Effects of Serotonin on Circulation and Respiration in the Rainbow Trout Oncorhynchus Mykiss

Histochemical studies have revealed the presence of serotonin (5-hydroxytryptamine; 5-HT) in the fish gill (e.g. Dunel-Erb et al. 1982, 1989; Bailly et al. 1989). At least two specific sites of storage have been identified: (i) neuroepithelial cells (NECs) within the filament epithelium (Dunel-Erb et al. 1982) and (ii) nerve fibres associated with the sphincter of the efferent filamental artery (Bailly et al. 1989). The NECs, which are usually isolated or found in clusters, are located near the filament epithelium basal lamina, mainly on the efferent side of the gills. The serotonin contained within these cells appears to be localized in dense-cored vesicles (Dunel et al. 1982). In rainbow trout (Oncorhynchus mykiss) acute, severe hypoxia was shown to elicit degranulation of the dense-cored vesicles (Dunel-Erb et al. 1982) which is indicative of serotonin release. This finding, when considered in conjunction with the known potent vasoconstrictory effects of serotonin on the gill vasculature (Östlund and Fange, 1962; Katchen et al. 1976; Kent and Peirce, 1978), suggests a potential physiological role for serotonin during environmental hypoxia or at other times when serotonin is released in the gill. Indeed, in dogfish (Squalus acanthias) it was demonstrated that injections of serotonin mimic several of the physiological responses to hypoxia including an increase in branchial vascular resistance and bradycardia (Kent and Peirce, 1978). Despite the obvious potential effects of serotonin-induced branchial haemodynamic adjustments on gas transfer, we are unaware of any studies that have evaluated the effects of serotonin on gill respiratory gas exchange or blood respiratory status. Furthermore, the possible effects of serotonin on gill ventilation have yet to be assessed.

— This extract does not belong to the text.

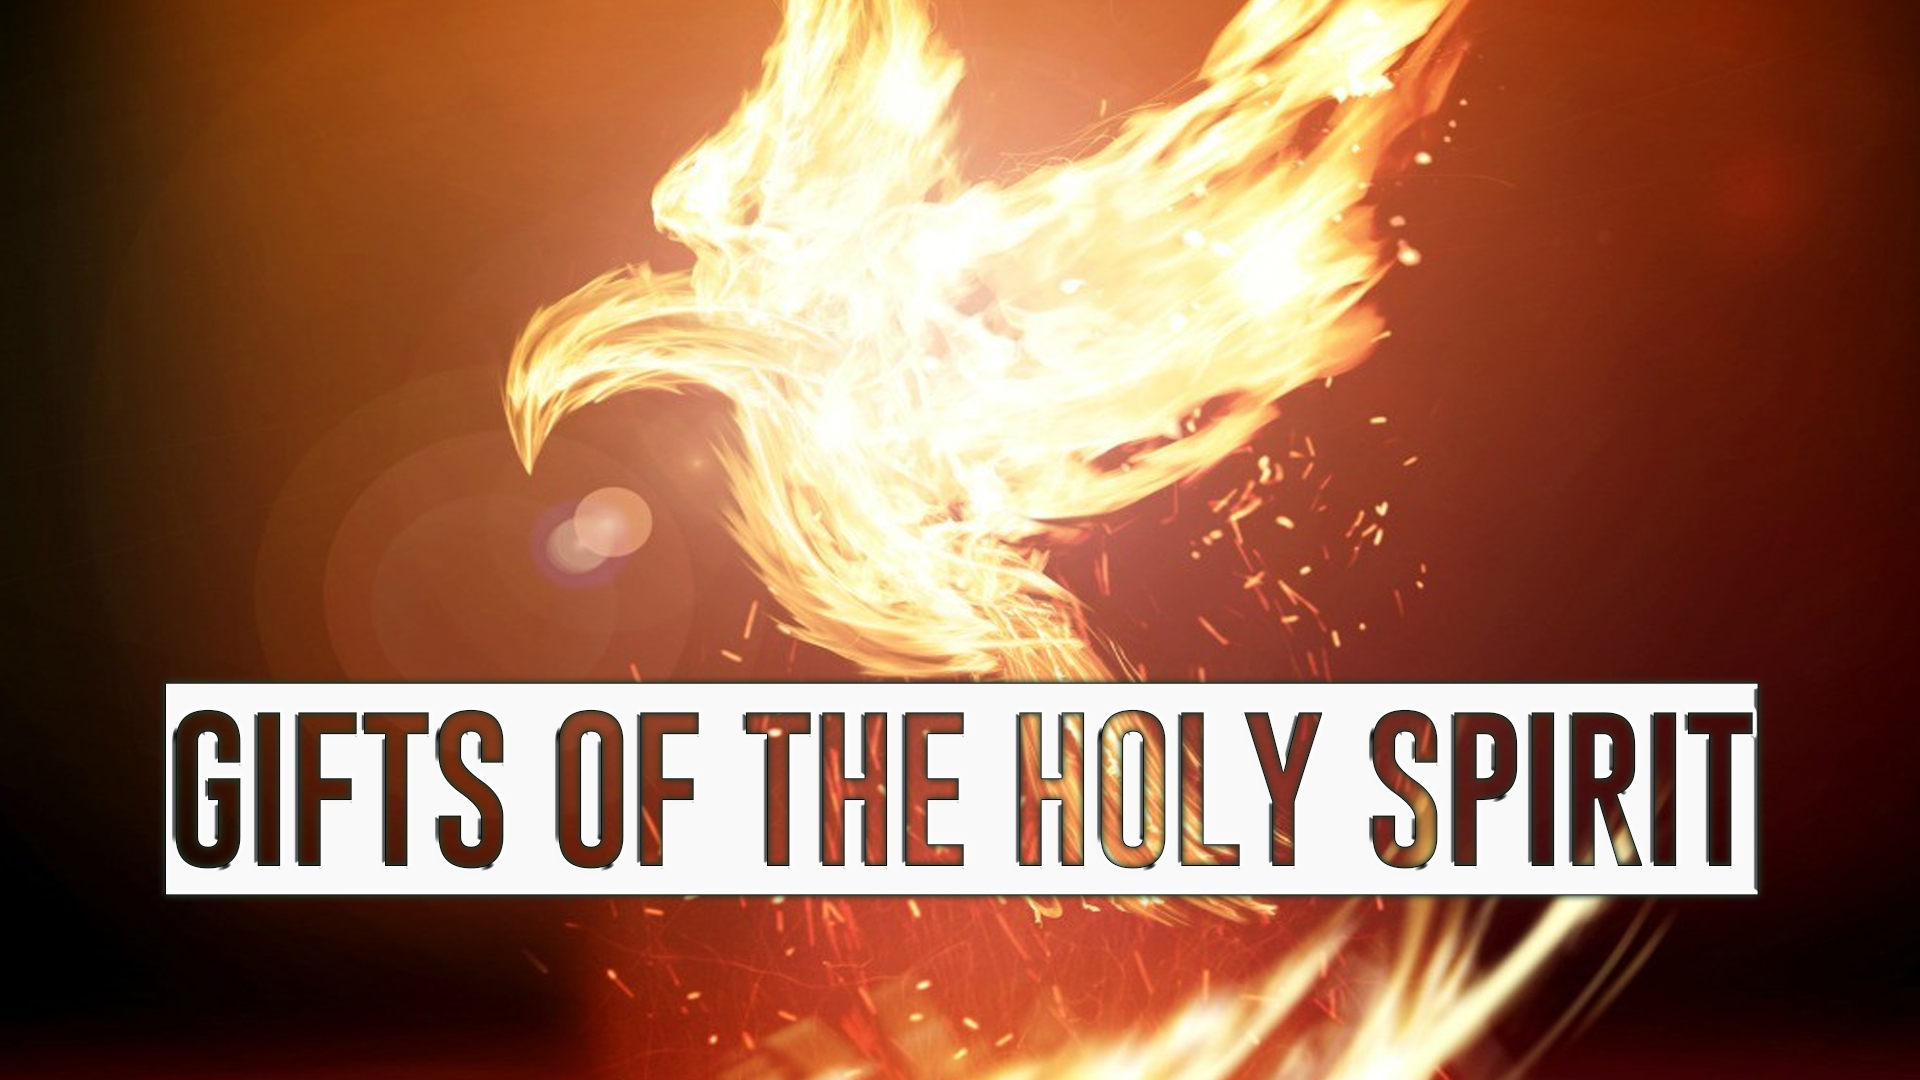 The Spiritual Gifts of the Holy Spirit According to Romans 12:6-8 - WISDOM  FROM HEAVEN

Thus, the present study was undertaken (i) to describe the in vivo effects of intraarterial injections of serotonin simultaneously on circulation (pre- and postbranchial blood pressure, P_VA, P_DA) and respiration (buccal pressure, P_buccal, arterial oxygen tension, carbon dioxide tension, and pHa) and (ii) to establish the underlying mechanisms.

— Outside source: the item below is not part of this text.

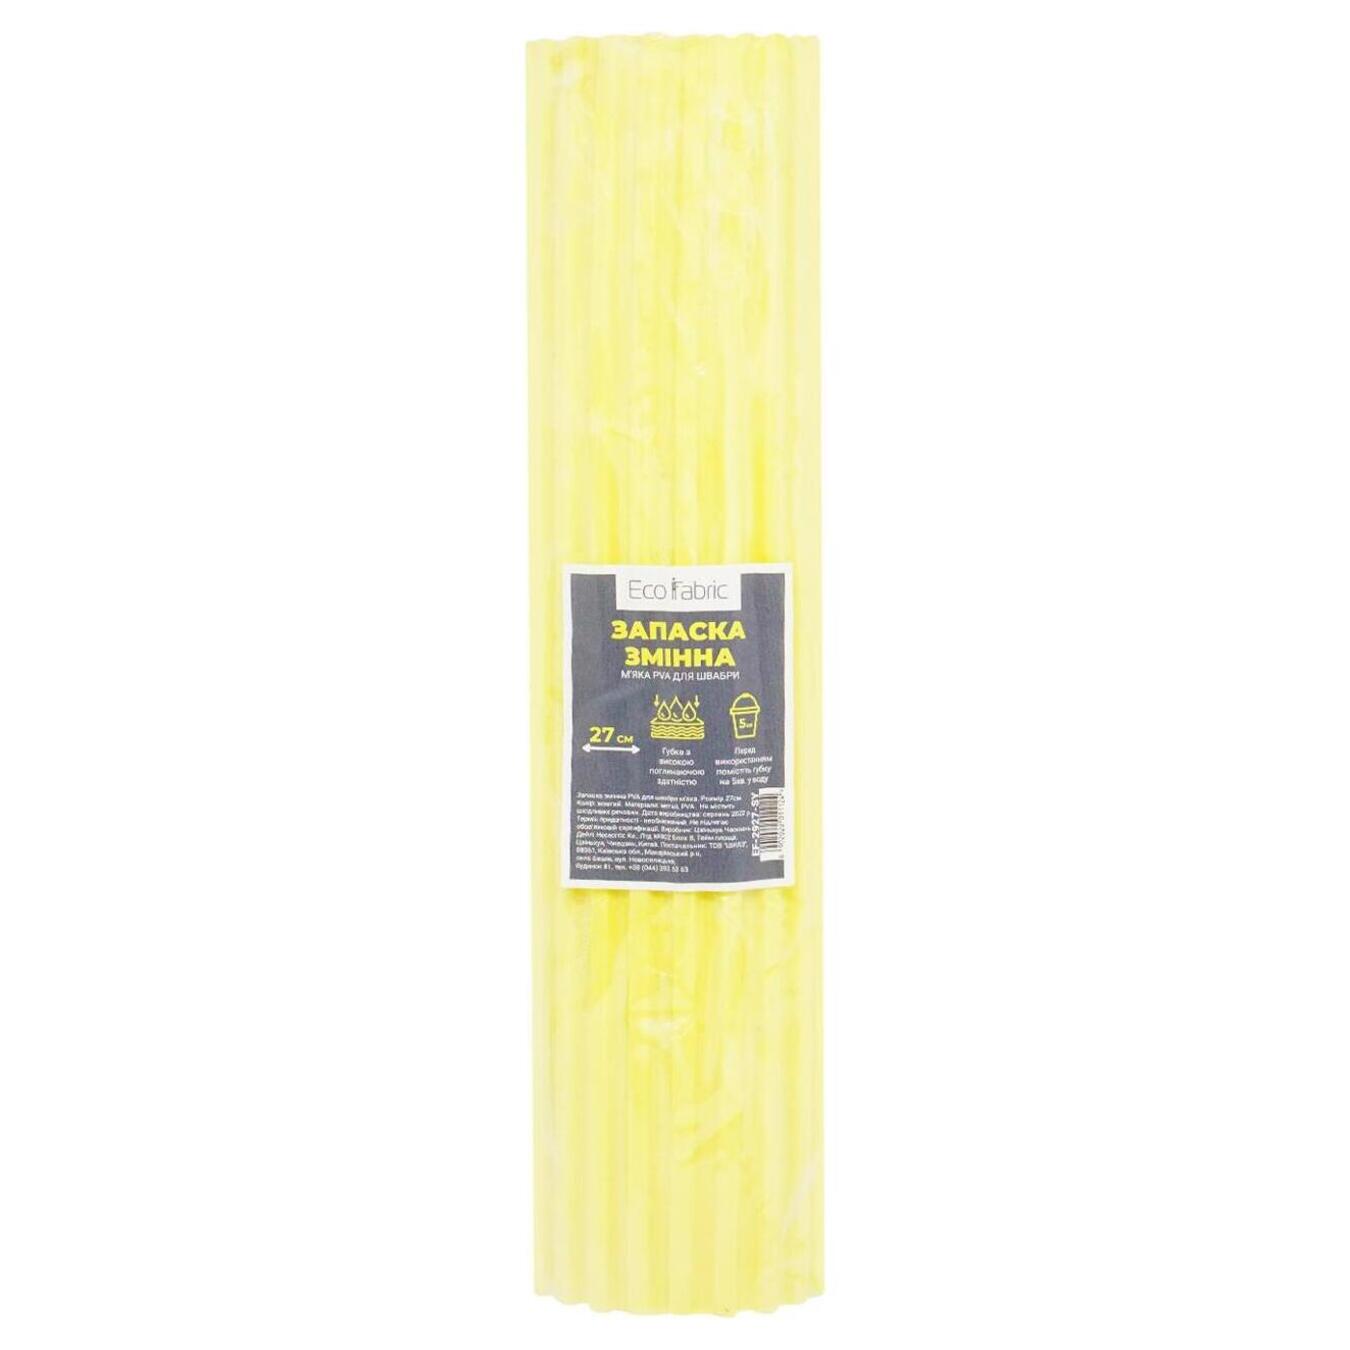 Refill for mop Eco Fabric yellow 27 cm

Rainbow trout [Oncorhynchus mykiss (Walbaum)] of either sex, weighing between 750 and 1200 g, were obtained from Linwood Acres Trout Farms (Campbellcroft, Ontario). Fish were held indoors in large fibreglass tanks supplied with flowing, aerated dechlorinated city of Ottawa tapwater ([Na⁺]=0.12 mmol I⁻¹; [Cl⁻]=0.15 mmol 1⁻¹; [Ca²⁺]=0.35-0.40mmoll^_|; [K⁺]=0.03 mmol I⁻¹; pH7.5-8.0). The temperature of the holding and experimental tanks varied between 12 and 14 °C (April-June); photoperiod was kept constant at 12 h light: 12 h dark. Fish were fed daily but were not fed for 48 h prior to experimentation.

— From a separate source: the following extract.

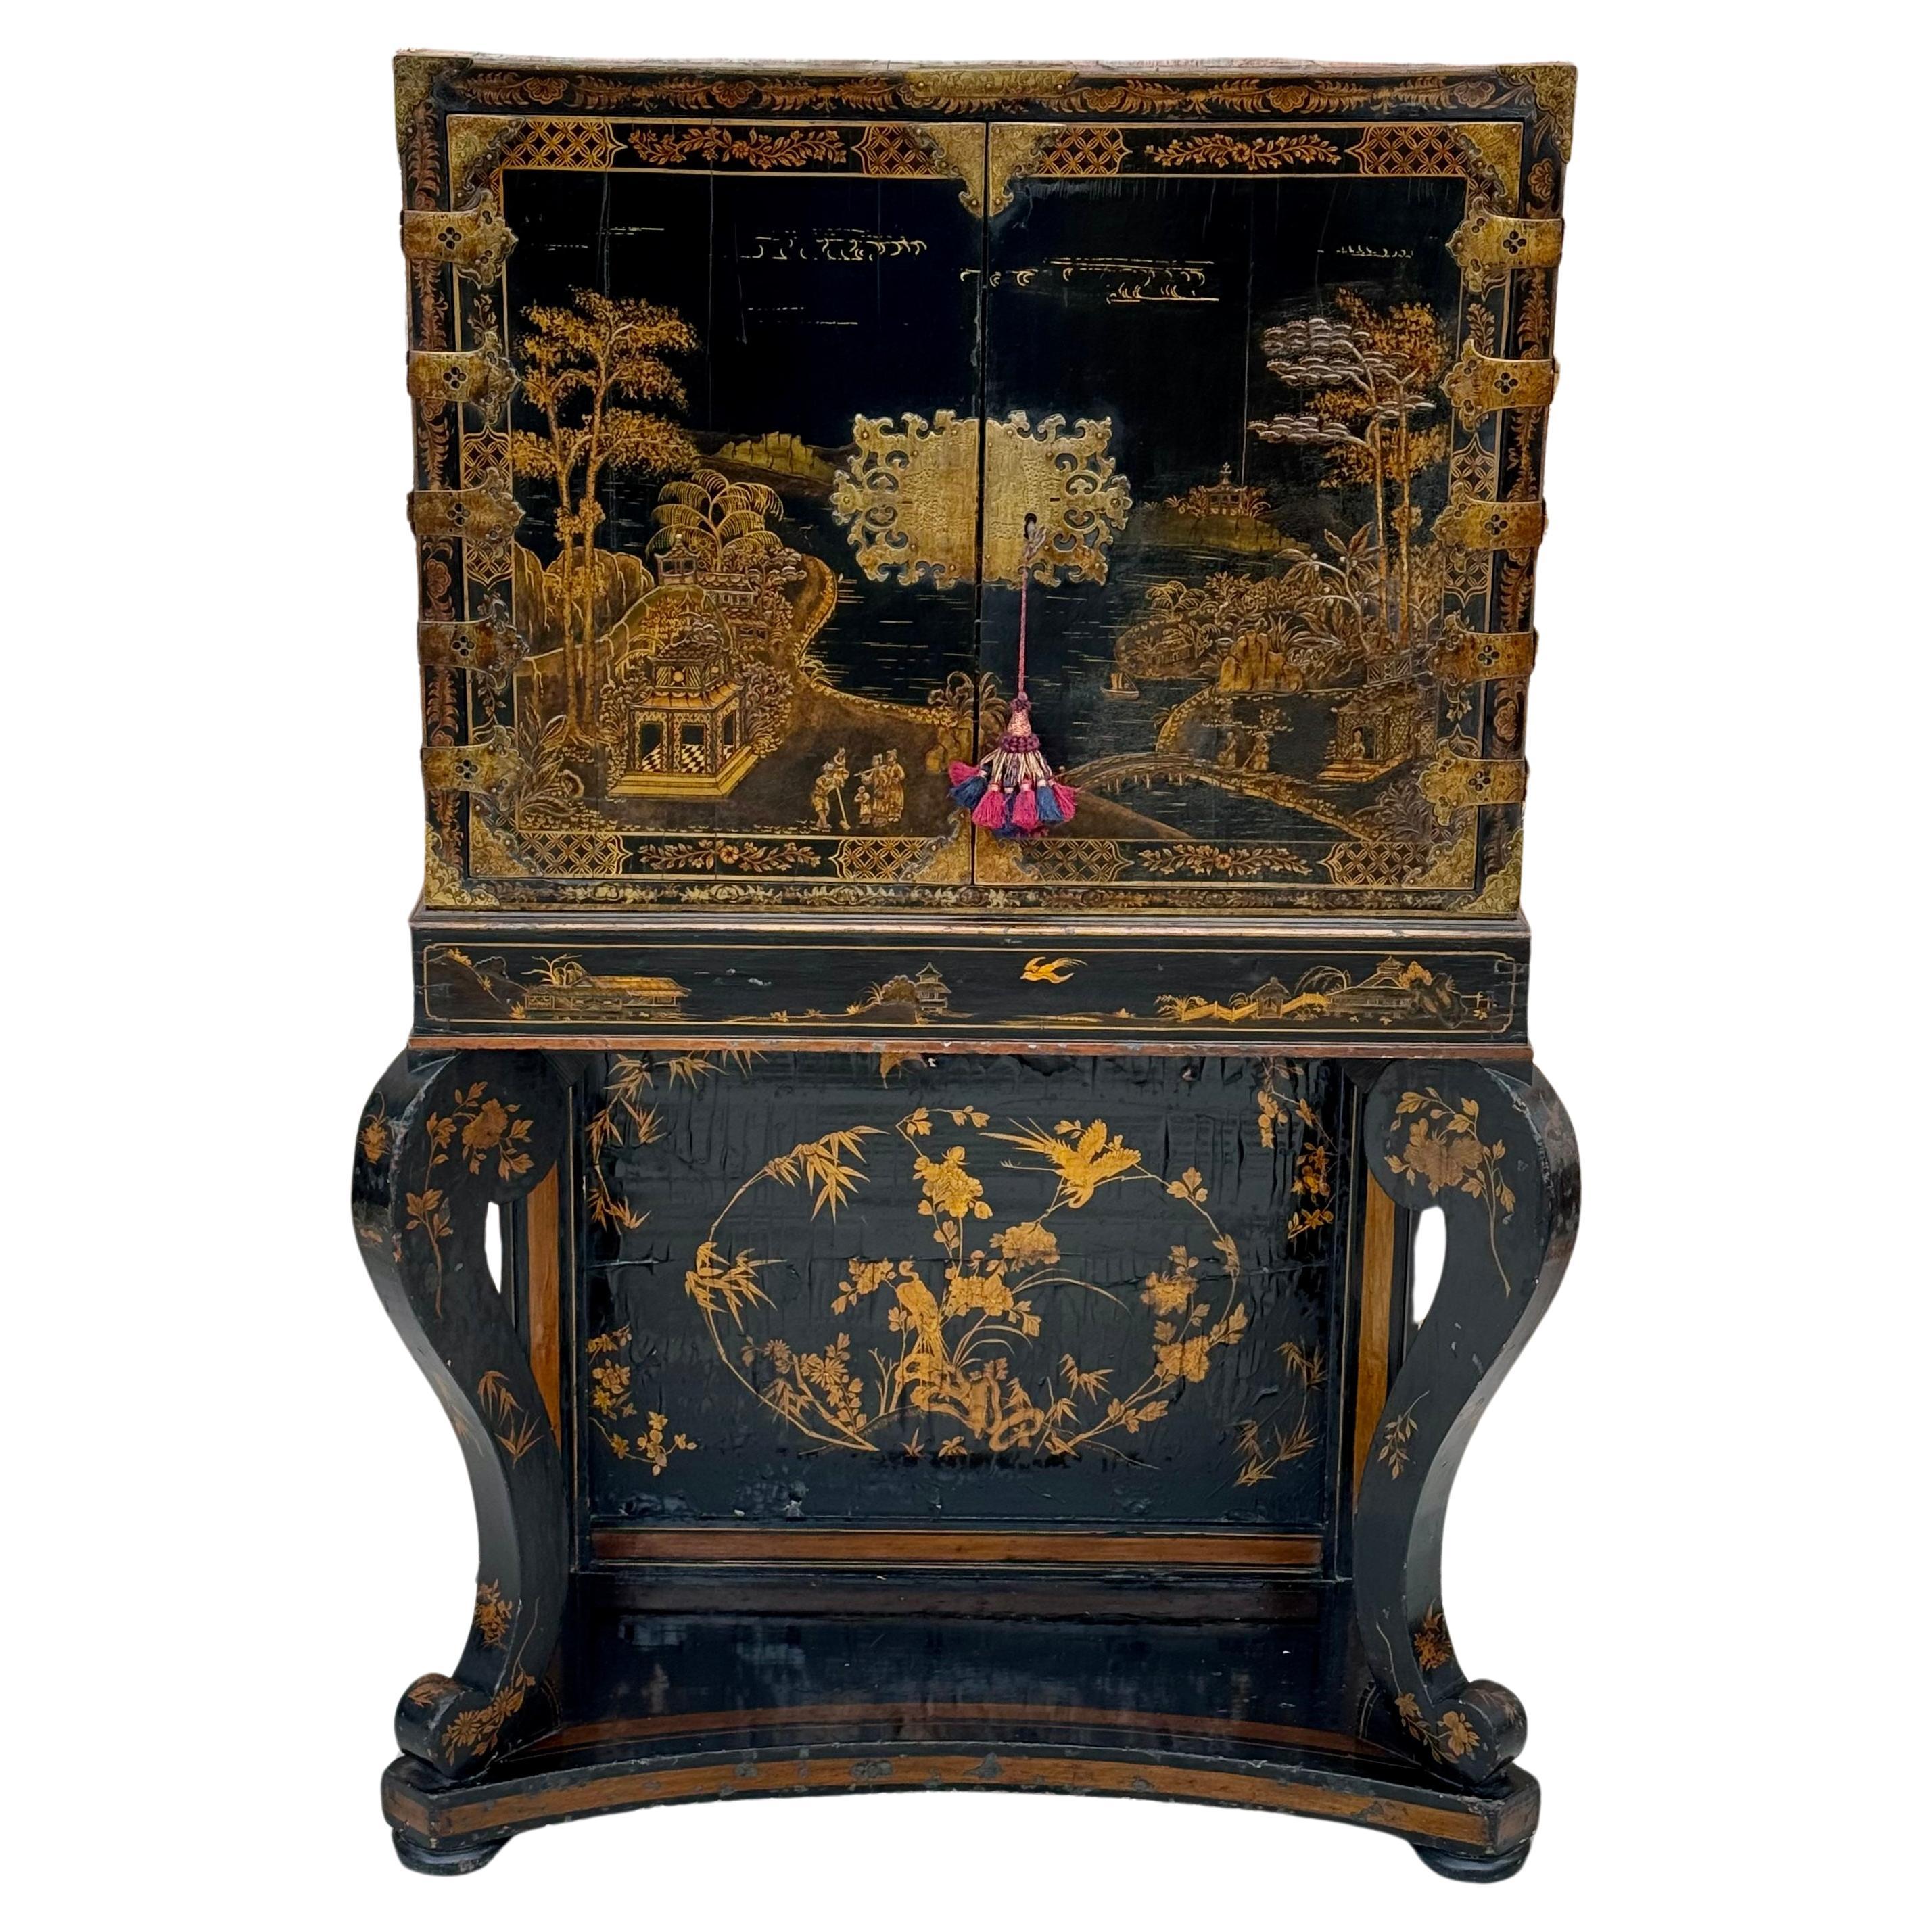 Early 19th Century English Chest on Stand Black and Gold Chinoiserie Lacquer

The fish were anaesthetized in tapwater containing MS 222 (ethyl m-aminobenzoate, 1:10000 w/v; adjusted to pH 7.5–8.0 with NaHCO₃) gassed with oxygen. The gills were irrigated with the same solution throughout the surgery. A polyethylene cannula (PE 50) was inserted into the dorsal aorta (Soivo et al. 1975) for measurements of dorsal aortic blood pressure (PDA). A buccal cavity catheter was implanted using PE 160 tubing to measure changes in buccal pressure (P_buccal) associated with breathing movements. The fish was then placed on its left side and a small incision (2–3 cm) was made just behind the pectoral fin. The coeliac artery was dissected free and one cannula (PE 50) was inserted towards the heart for continuous sampling of blood. A similar cannula was inserted in the opposite direction to achieve an extracorporeal circuit in which the blood could flow continuously by means of a peristaltic pump (Thomas and Le Ruz, 1982). The cannulae were filled with 140 mmol 1⁻¹ NaCl and heat-sealed. After surgery, the fish were placed into individual opaque Perspex boxes (31 volume), supplied with Ottawa tapwater, and allowed to recover for 24 h prior to experimentation.

These fish were equipped with a dorsal aortic cannula only. The fish were left to recover in opaque Perspex boxes for 48 h before experimentation.

Fish were anaesthetized in the same conditions as above and a dorsal aortic cannula was implanted accordingly. The fish was then placed on its right side and the third gill arch was exposed. The afferent branchial artery was cannulated by using a guitar string guide inside a PE 50 cannula. The cannulae were sutured to the skin. The fish were allowed to recover for 48 h before any blood pressure measurements were made. Strictly speaking, this protocol allows the measurement of afferent branchial artery blood pressure rather than ventral aortic blood pressure. However, owing to the lack of appreciable resistance to flow in the ventral aorta, this procedure does permit an accurate assessment of ventral aortic pressure and thus throughout this paper we refer to afferent branchial artery blood pressure as ventral aortic blood pressure.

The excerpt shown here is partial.